WASHINGTON — Mario Claiborne faced a likely prison sentence of 37 to 46 months as he stood before a U.S. District Court judge in March 2005.
That was the recommended range for a prison term under federal sentencing guidelines. But Judge Carol E. Jackson chose to knock nearly two years off the prison term for the 21-year-old St. Louis resident, who had pleaded guilty to two cocaine-related offenses.
Claiborne's case now sits before the Supreme Court, which will answer a central question: How does a judge adequately justify a sentence that's well outside the prison term recommended by federal guidelines?
The court agreed last week to hear Claiborne's case, along with a similar case from North Carolina. That case raises the question of how much weight should be given to the advisory guidelines and whether a sentence within the suggested range can automatically be presumed "reasonable."
Lower courts have divided over those issues since the court decided last year to make the guidelines advisory, not mandatory. While district courts were no longer bound by those guidelines, they were still required to take them into account.
In the 2005 opinion, issued before Claiborne was sentenced, the 5-4 Supreme Court majority said it hoped the changes would help "avoid excessive sentencing disparities" while maintaining a level of flexibility. But two justices in that majority, swing vote Sandra Day O'Connor and then-Chief Justice William Rehnquist, are no longer on the court.
Now, the court will re-examine that decision for the first time and seek to clarify whether a presumption of "reasonableness" given to sentencing guidelines actually implies that they're more "mandatory" than "advisory."
Claiborne had no criminal record before he was arrested twice in 2003, both times for cocaine-related activity. In May, he sold 0.23 grams of cocaine base to an undercover police officer in St. Louis, according to court documents. Almost six months later, he dropped a bag of 5.03 grams of cocaine base as he tried to run from St. Louis police.
The judge concluded that even the minimum recommended sentence of 37 months was "excessive." She cited Claiborne's lack of a prior criminal record, the "small quantity" of cocaine he had possessed and the court's finding that he'd be unlikely to commit similar crimes in the future.
"I don't want to minimize what you did — you committed two serious felony offenses," the judge told Claiborne, according to court transcripts. Just after that, the judge said: "I come to the conclusion that a 37-month sentence would be tantamount to throwing you away."
The Justice Department appealed. Government attorneys disputed the lower court's conclusion that Claiborne was unlikely to repeat a similar offense again, calling it nothing more than "a speculative hope." They noted that Claiborne had been arrested for another felony less than half a year after his first arrest for a similar offense.

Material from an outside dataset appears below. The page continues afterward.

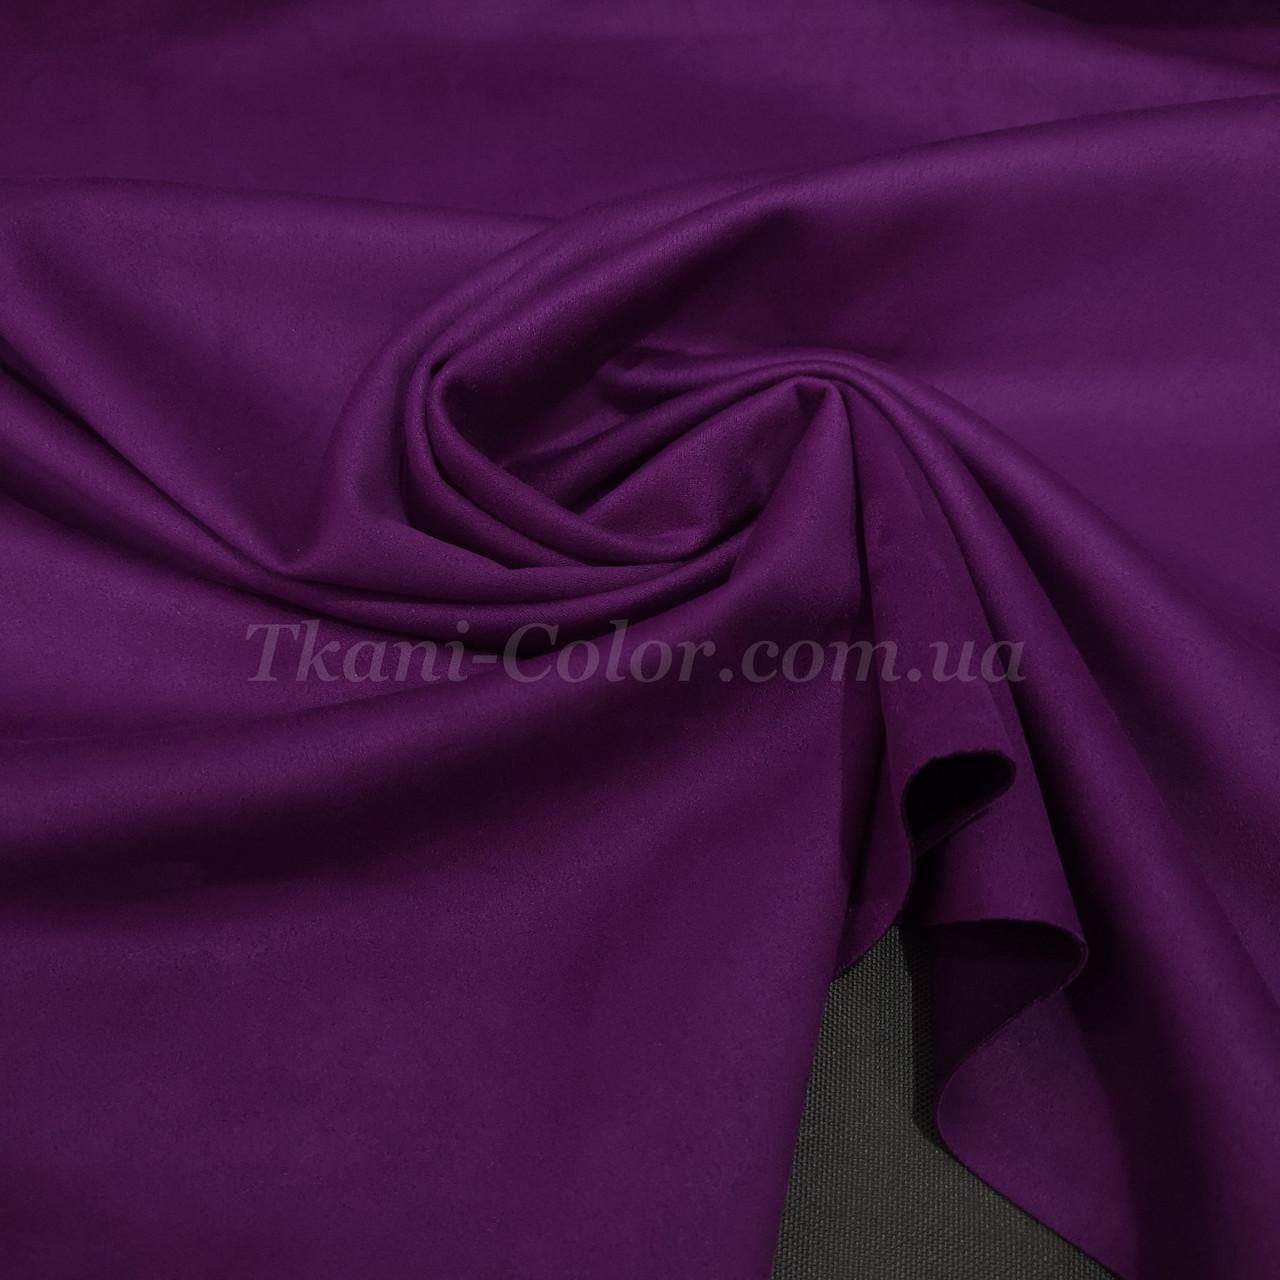 Замша стрейч на дайвінг фіолетовий

"It strains credulity to suggest that there are many drug dealers who deal in such quantities first-time offenders or not who receive sentences as low as 15 months' imprisonment," government attorneys wrote.
In February 2006, the 8th U.S. Circuit Court of Appeals in St. Louis agreed that the proposed 15-month prison term was far too short and reflected "substantial leniency."
"The sixty percent reduction granted to Claiborne was an extraordinary variance that is not supported by comparably extraordinary circumstances," the appeals court wrote.
The Supreme Court will likely hear the case in spring 2007.